*Task to carry out*:
Nothing but the lines from the one showing "KitchenAid 5KSM5GB Stand" through the final line of the data below belongs in the answer, duplicated exactly and without pictures.

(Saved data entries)
⁂

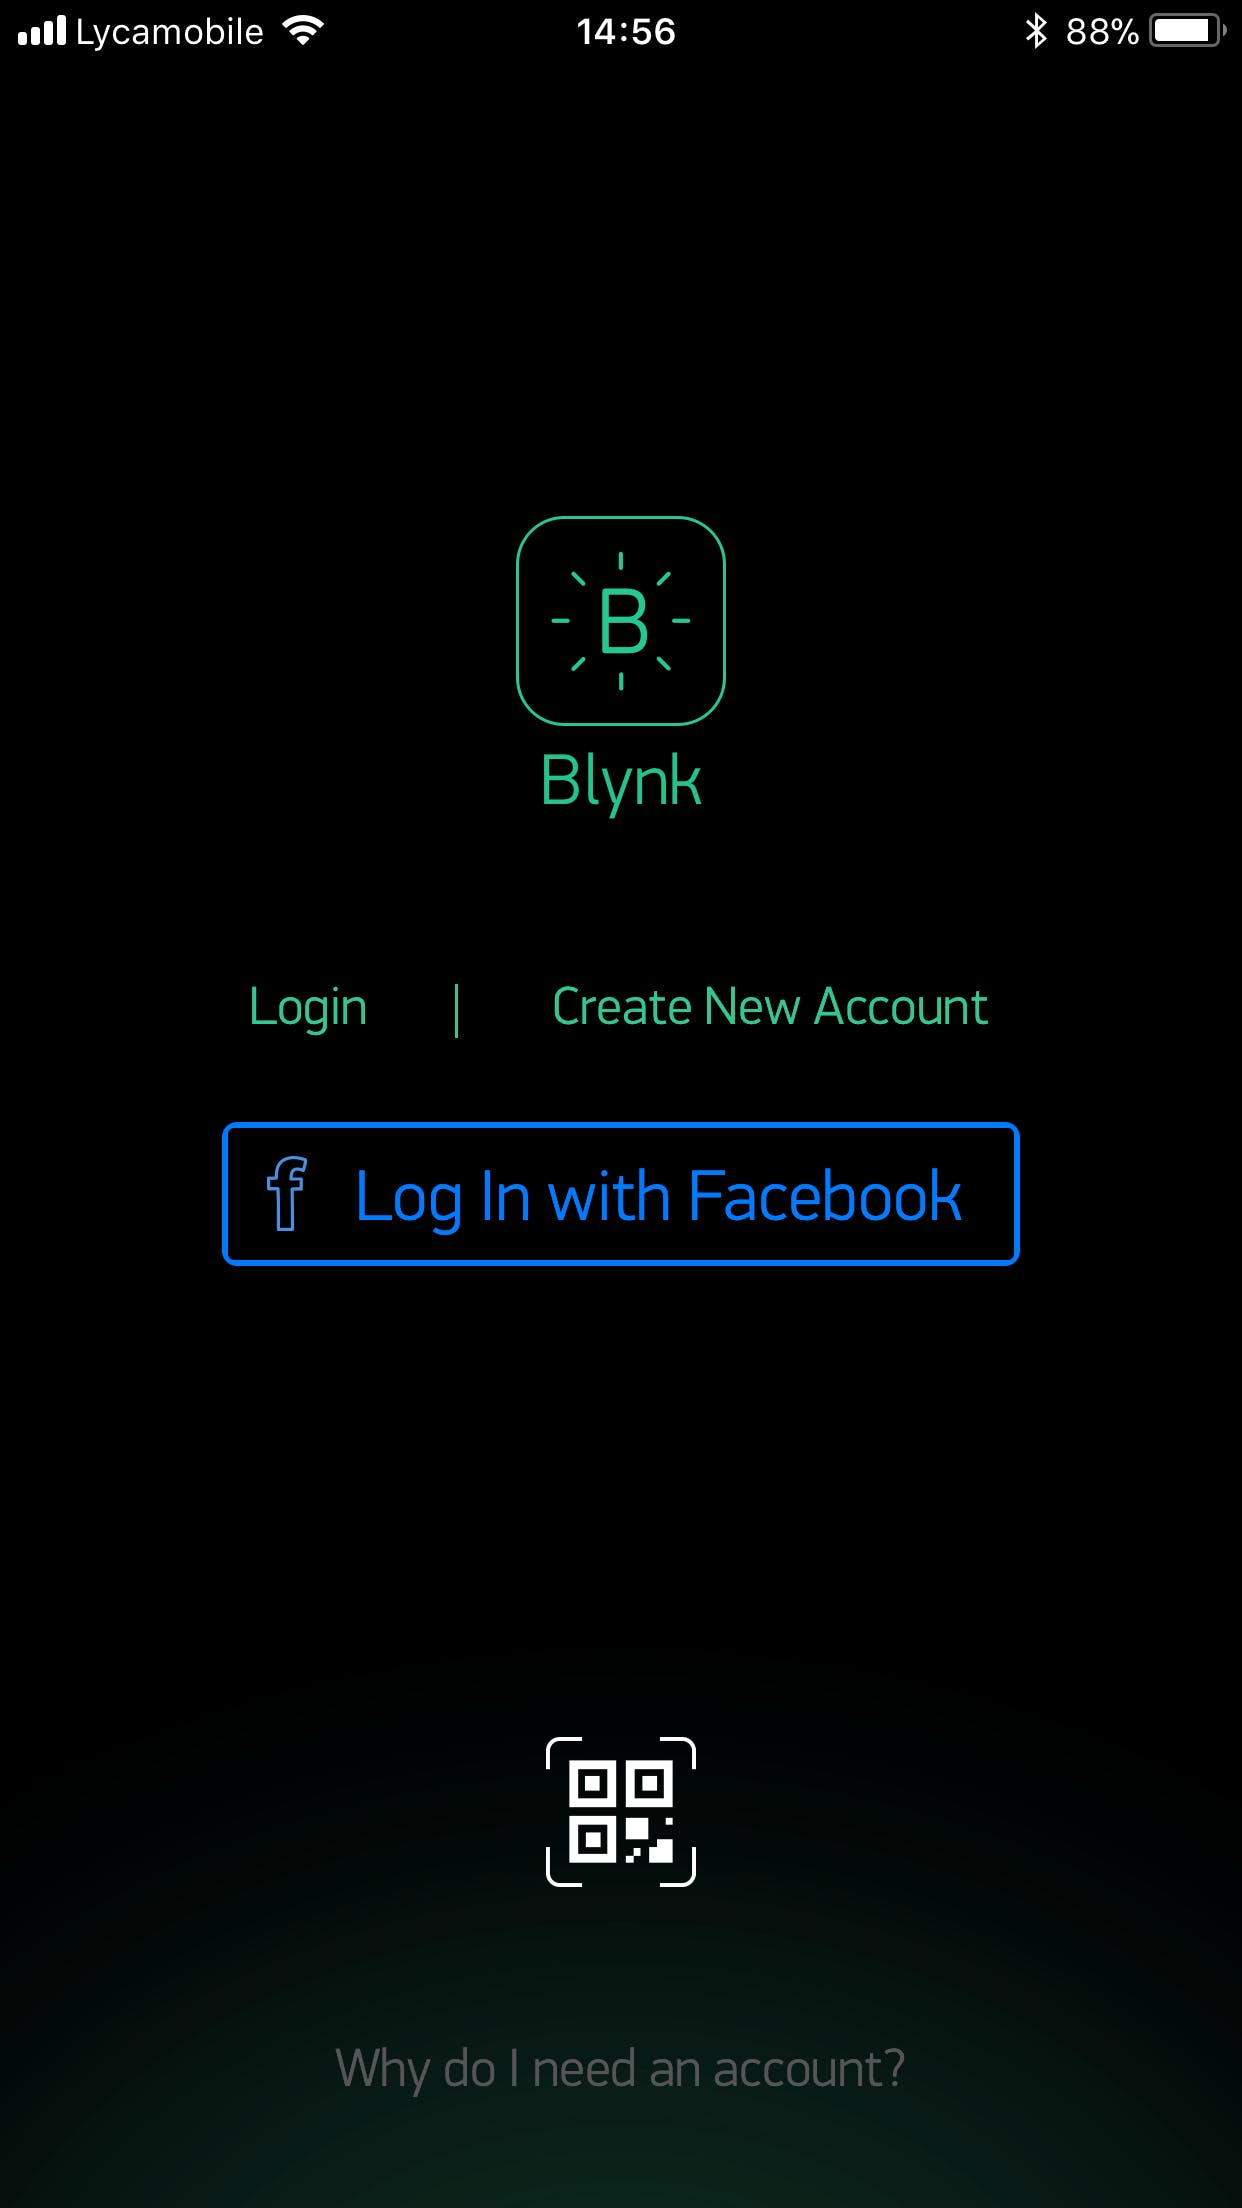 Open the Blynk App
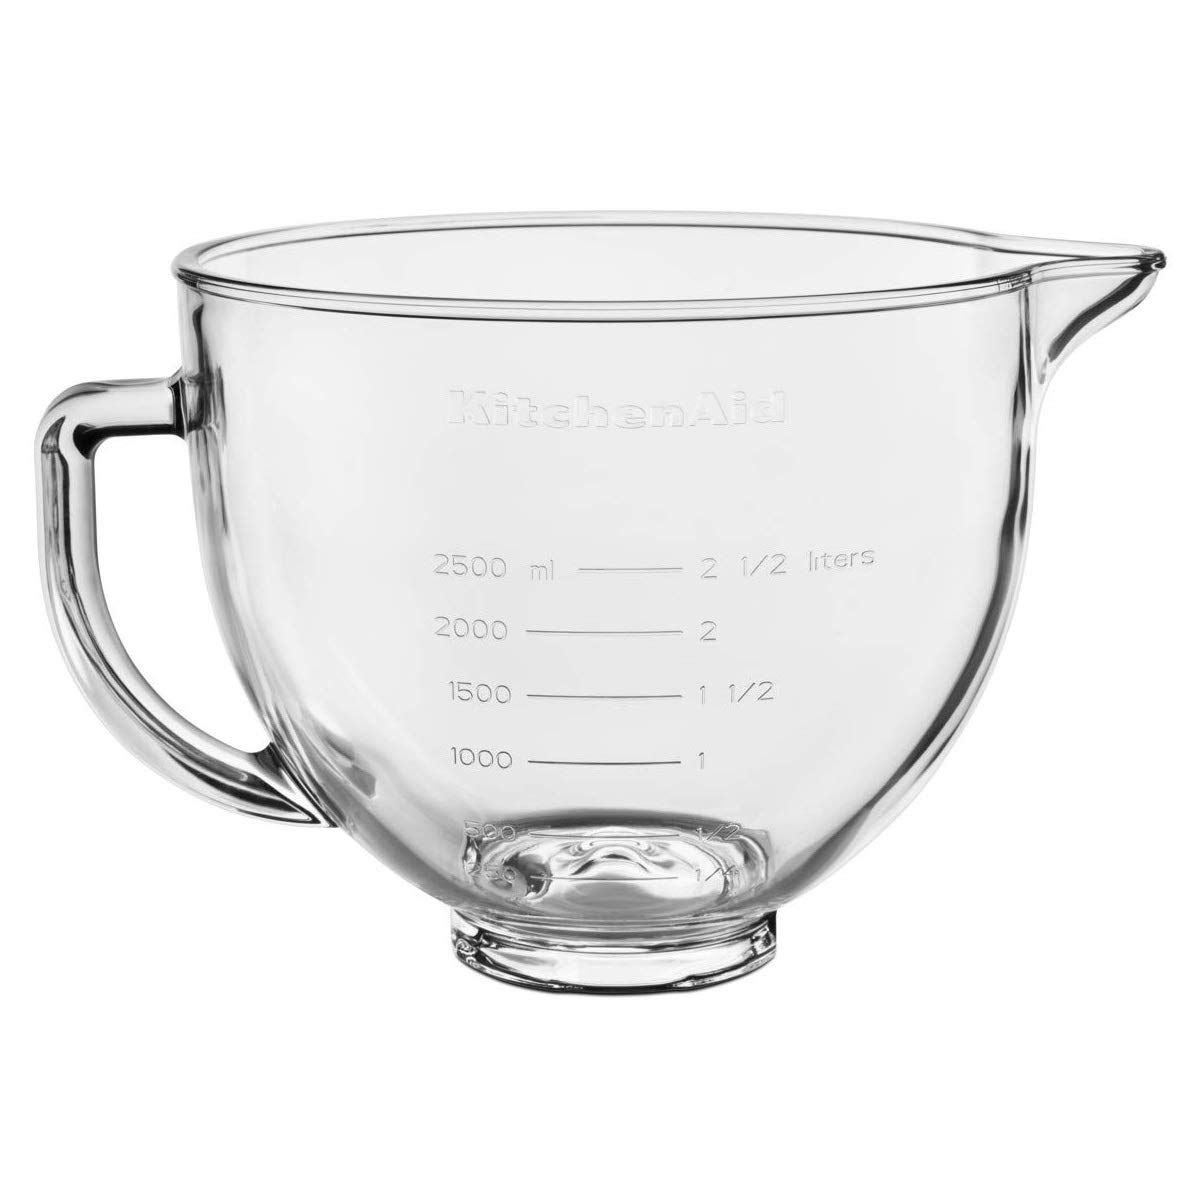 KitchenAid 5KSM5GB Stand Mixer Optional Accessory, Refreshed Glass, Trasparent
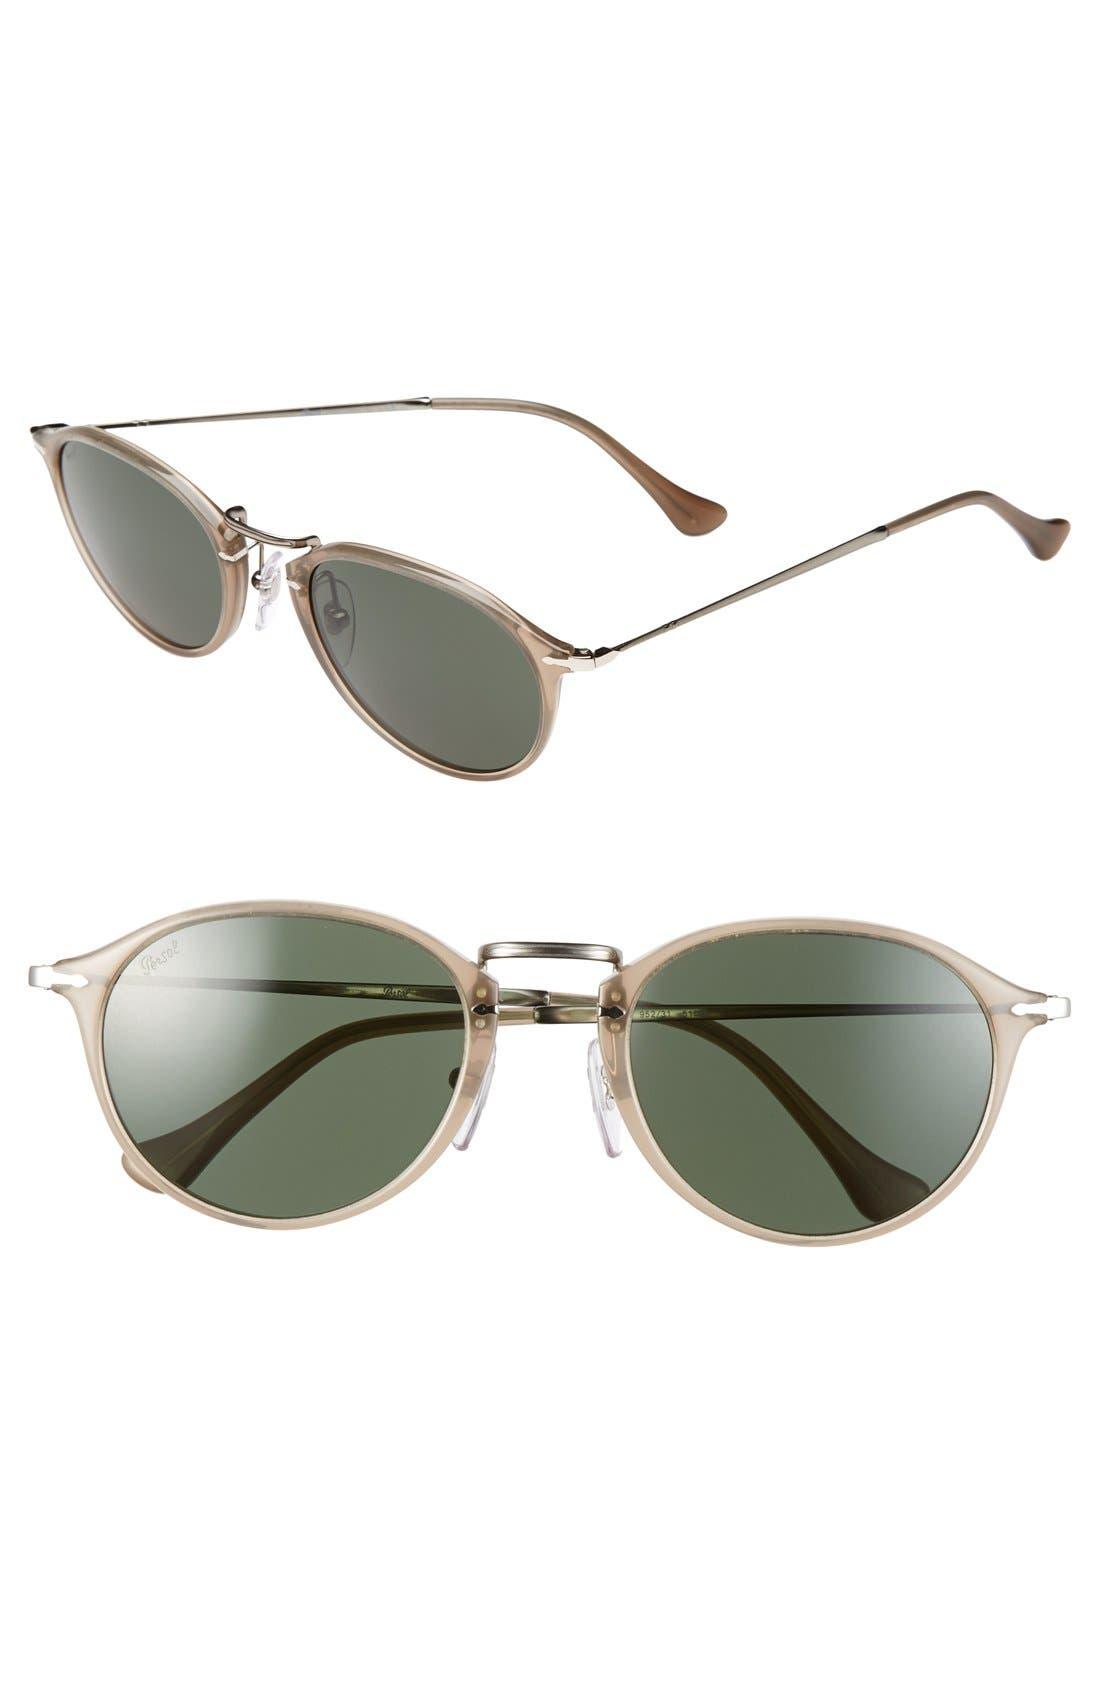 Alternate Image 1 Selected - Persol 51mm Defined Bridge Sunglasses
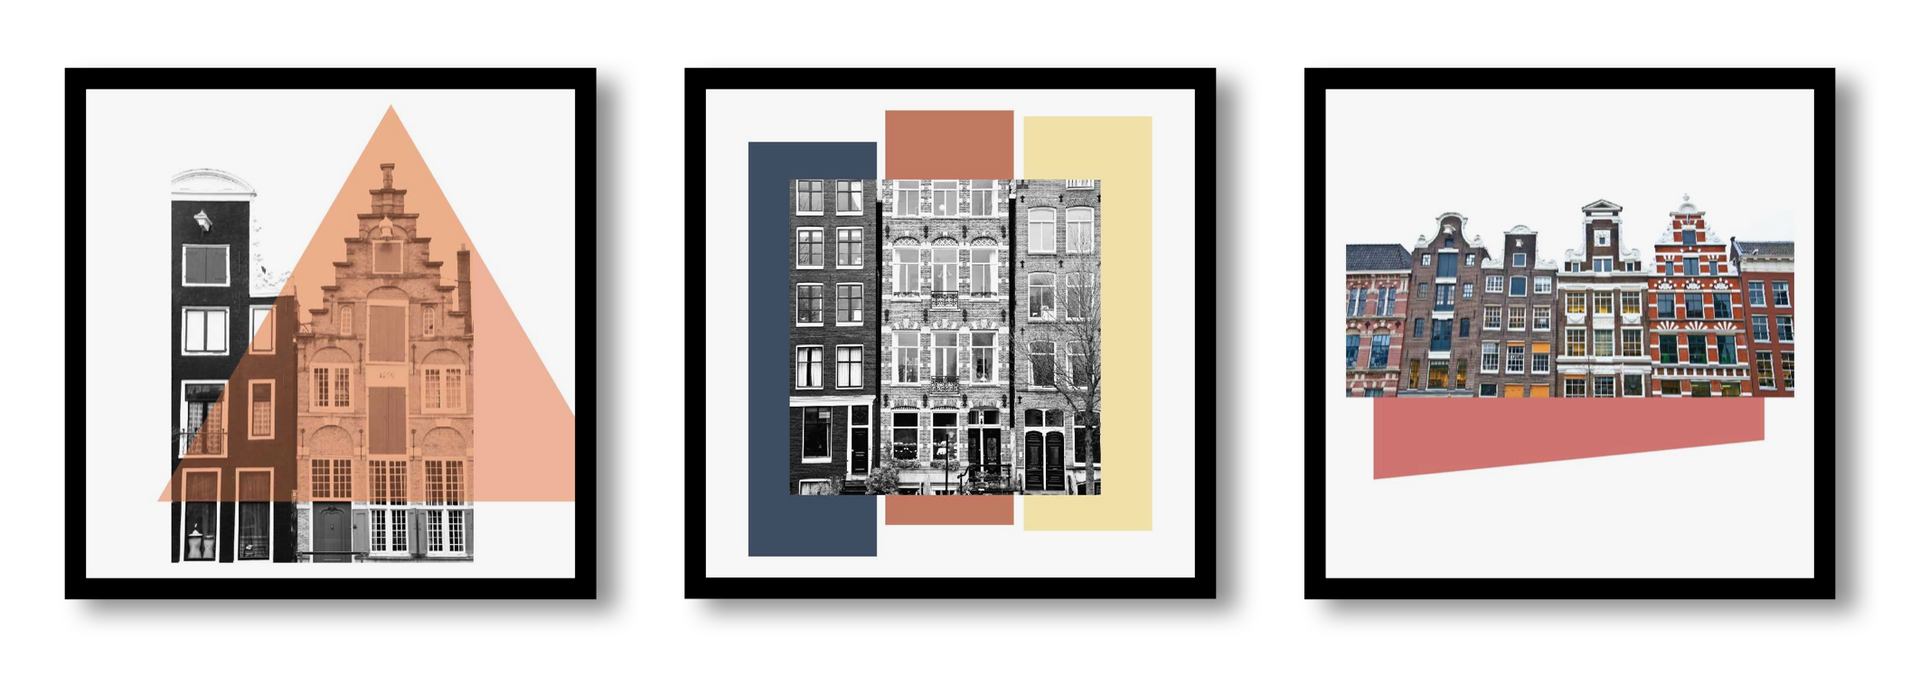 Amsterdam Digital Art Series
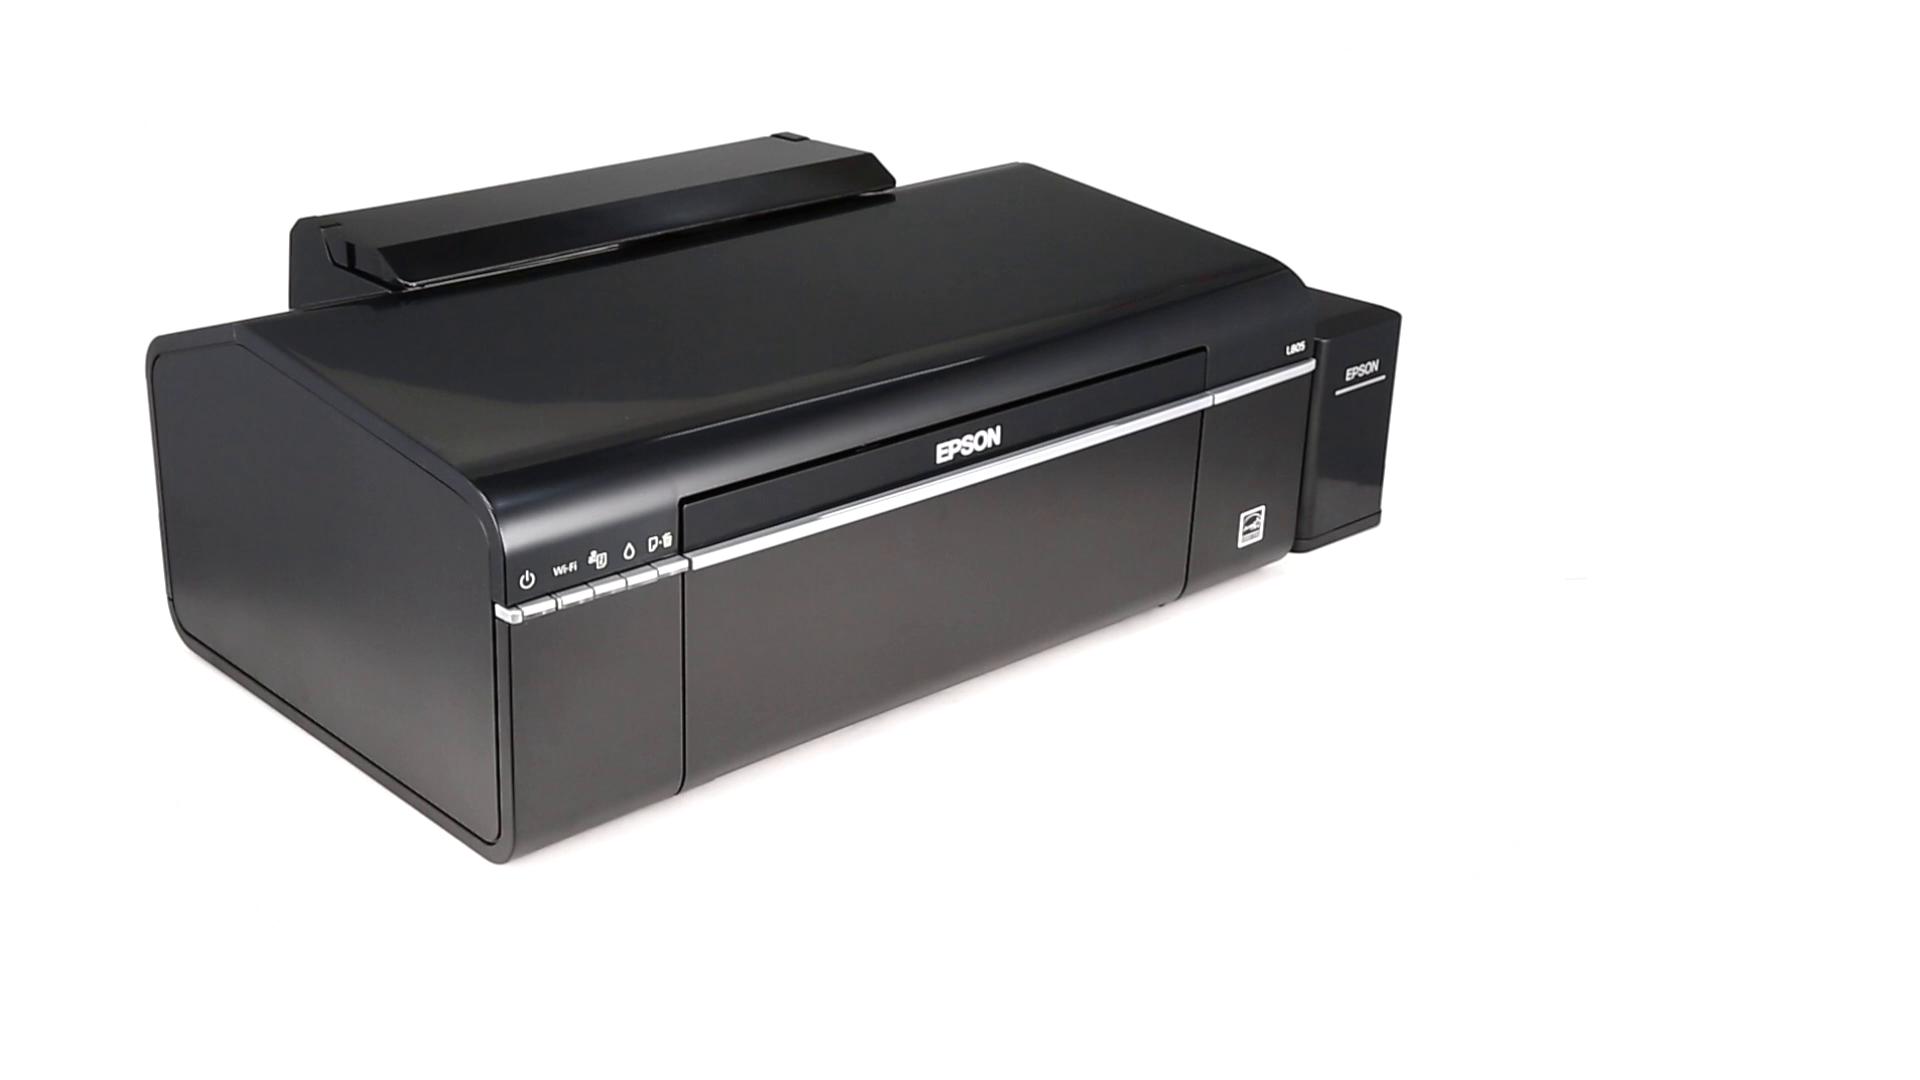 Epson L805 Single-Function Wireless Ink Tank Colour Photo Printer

⁂

*Answer*:
 KitchenAid 5KSM5GB Stand Mixer Optional Accessory, Refreshed Glass, Trasparent
 Alternate Image 1 Selected - Persol 51mm Defined Bridge Sunglasses
 Amsterdam Digital Art Series
 Epson L805 Single-Function Wireless Ink Tank Colour Photo Printer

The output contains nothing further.